- **What the task asks**:
The result should be an exact copy of the data, free of pictures.

- **Input data**:
▼▼▼
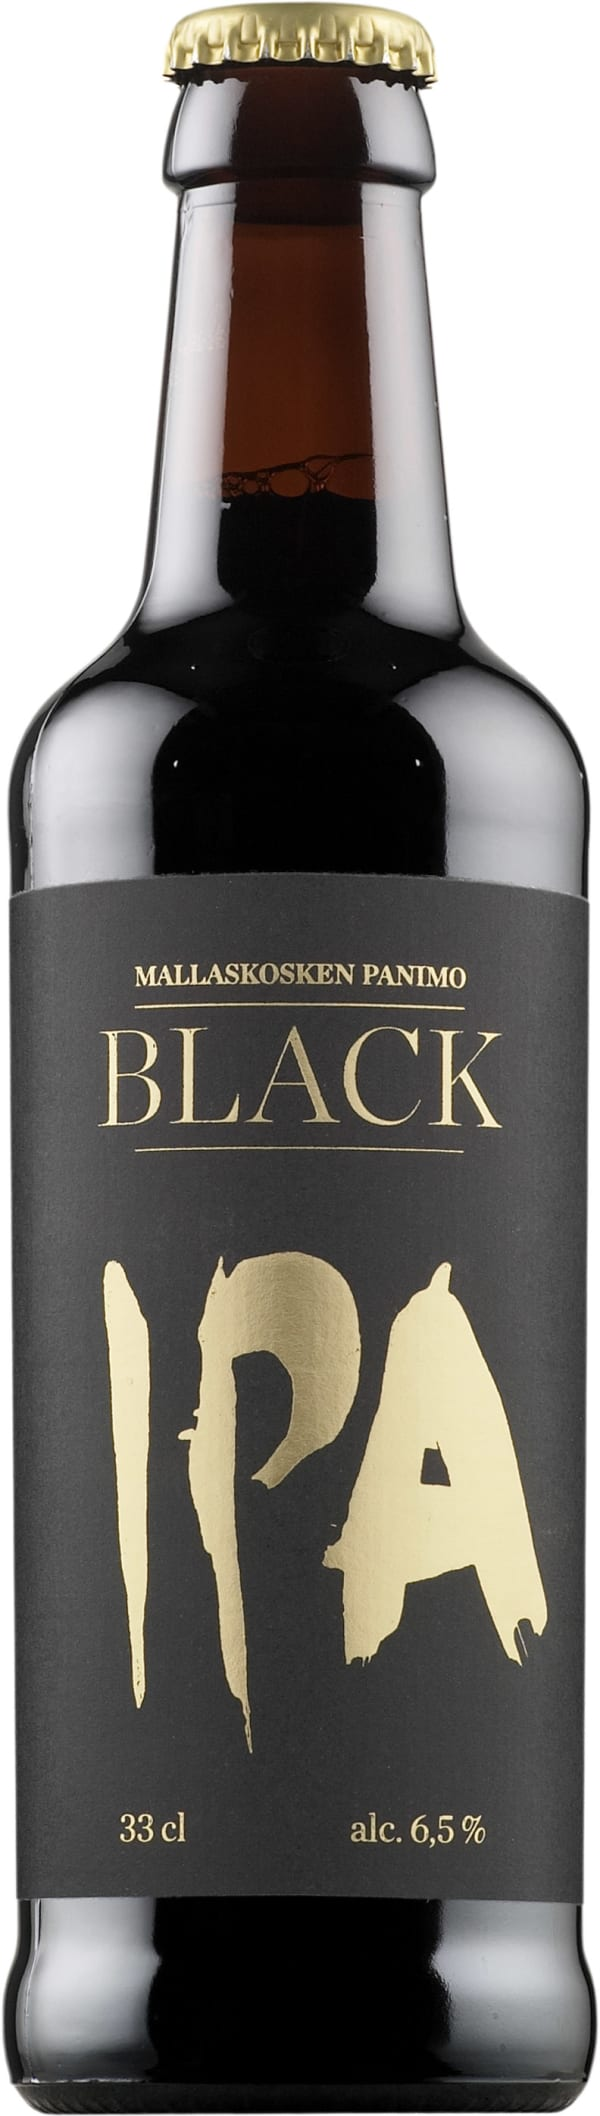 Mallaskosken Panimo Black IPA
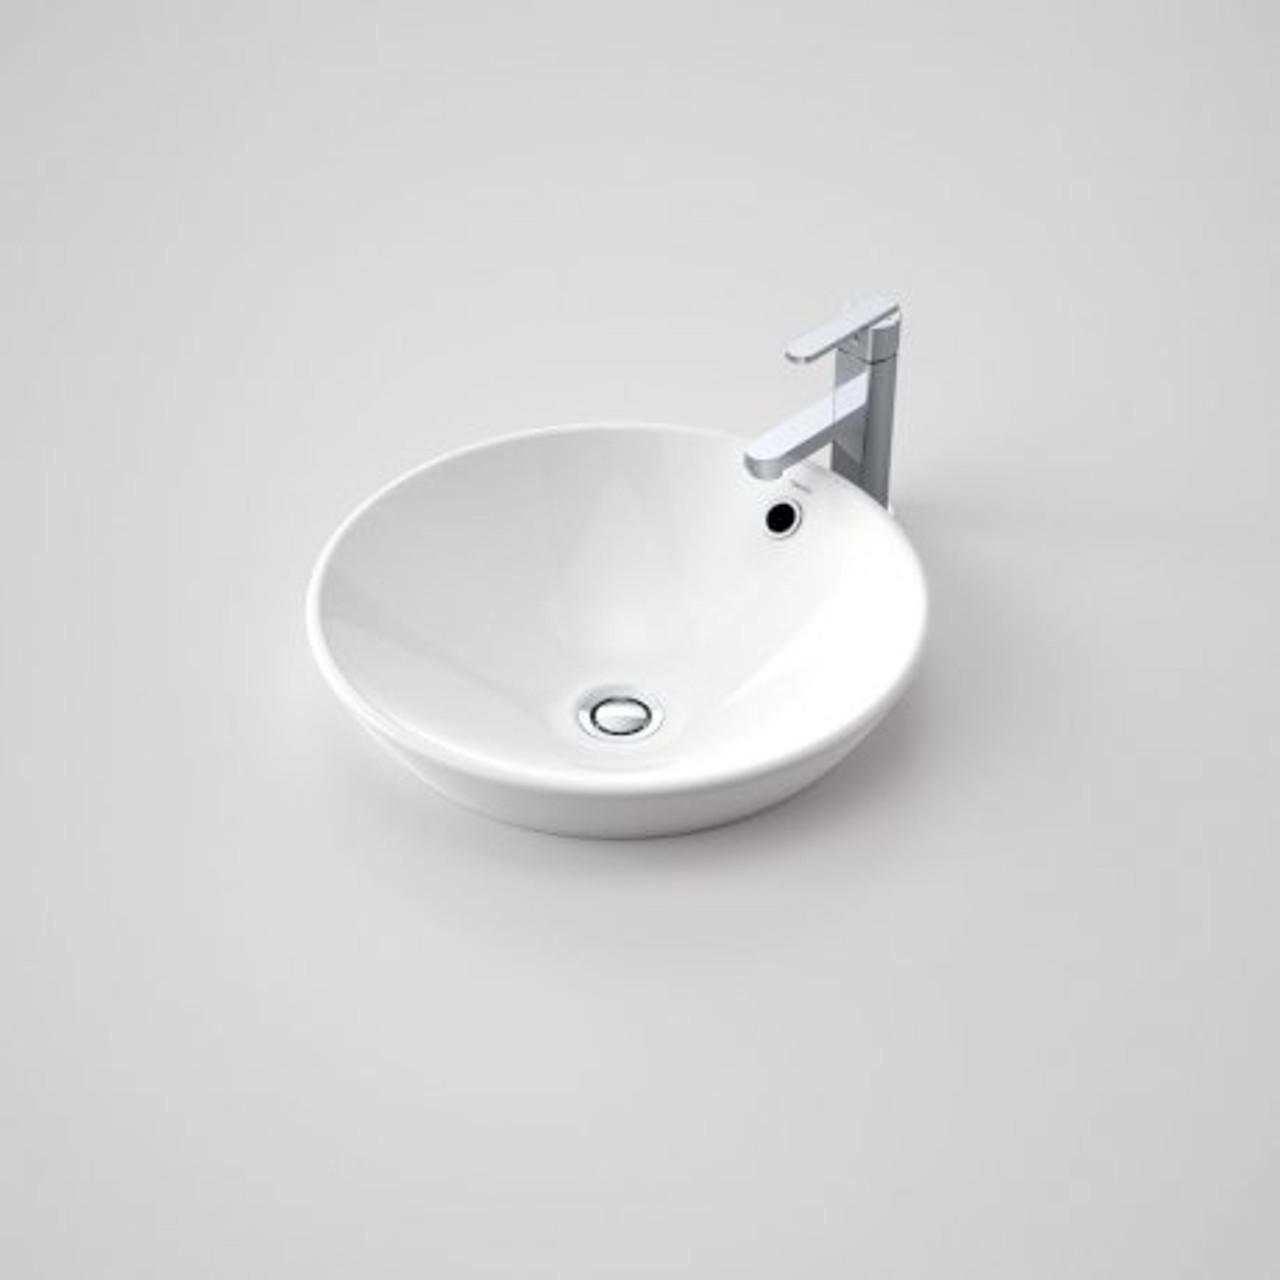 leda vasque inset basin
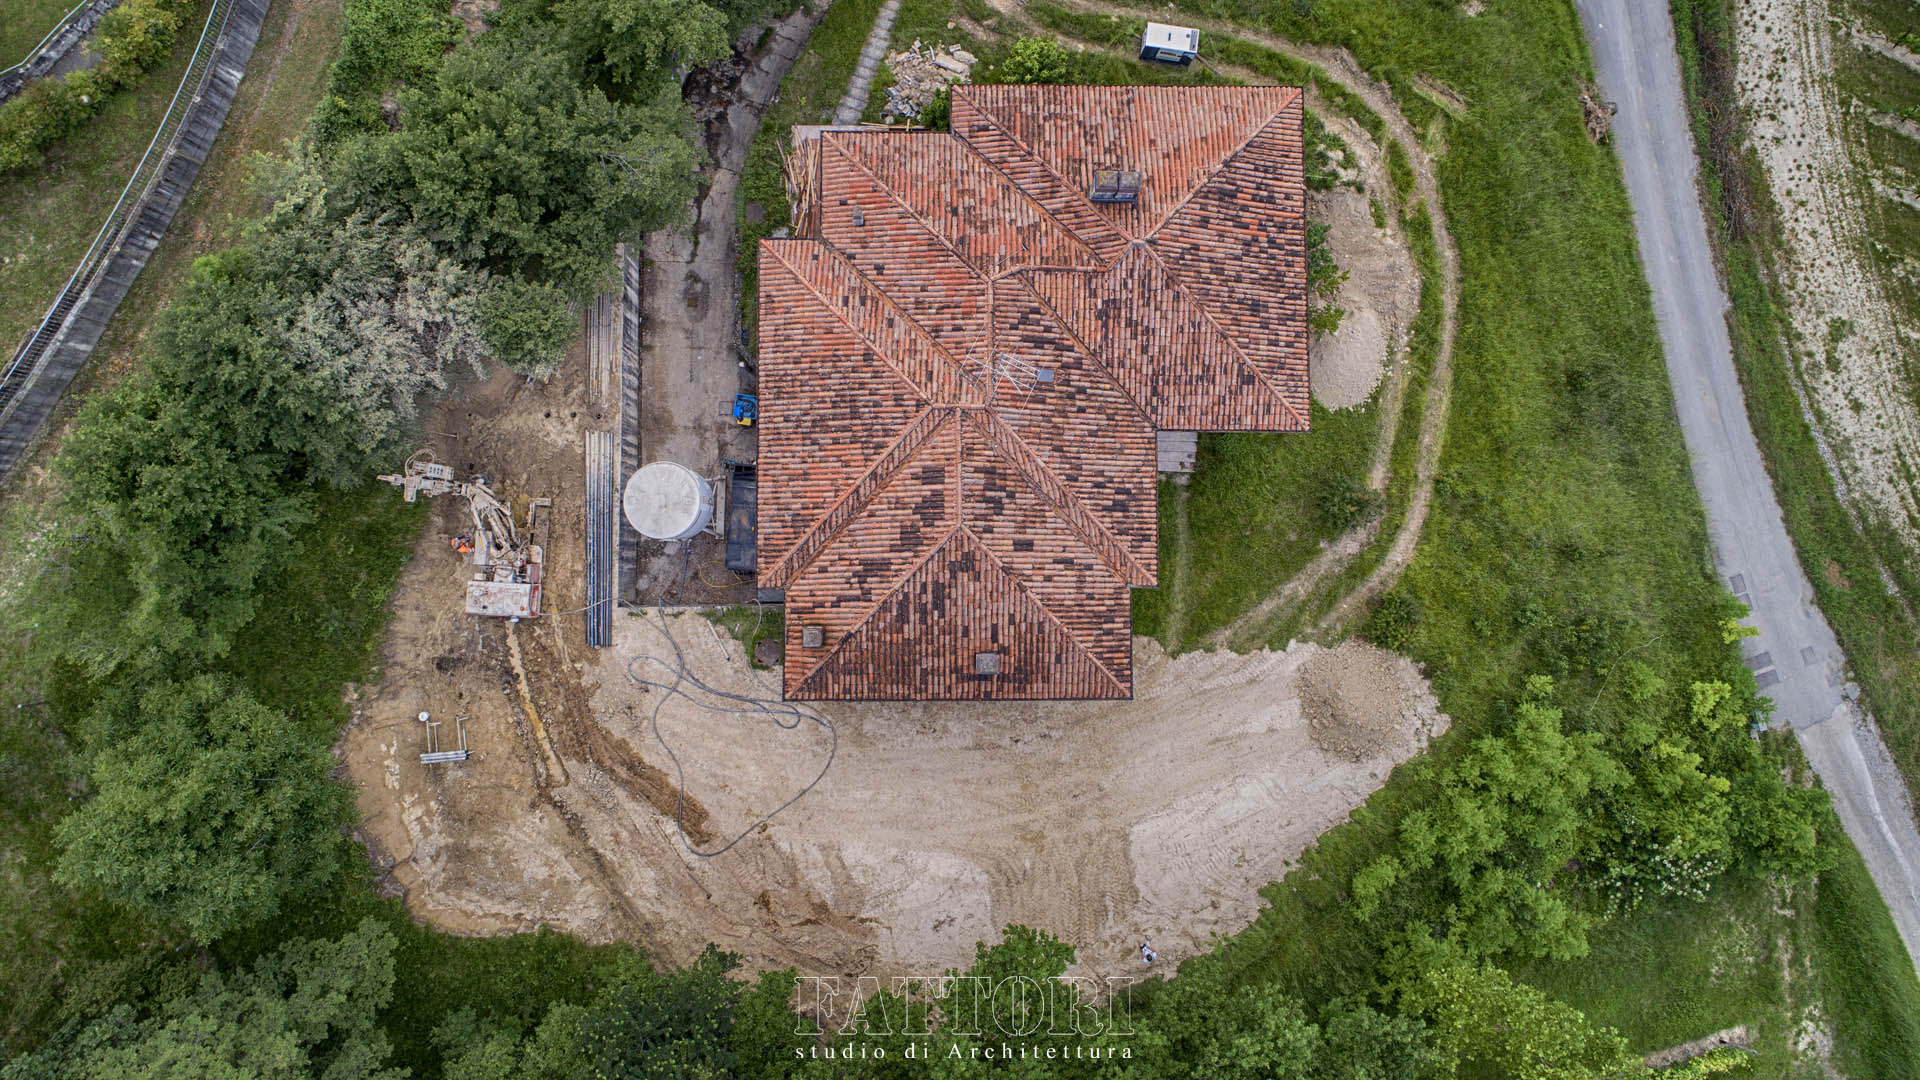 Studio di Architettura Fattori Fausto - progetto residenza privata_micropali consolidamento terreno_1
▲▲▲
- **Output of the exercise**:
 Mallaskosken Panimo Black IPA
 leda vasque inset basin
 Studio di Architettura Fattori Fausto - progetto residenza privata_micropali consolidamento terreno_1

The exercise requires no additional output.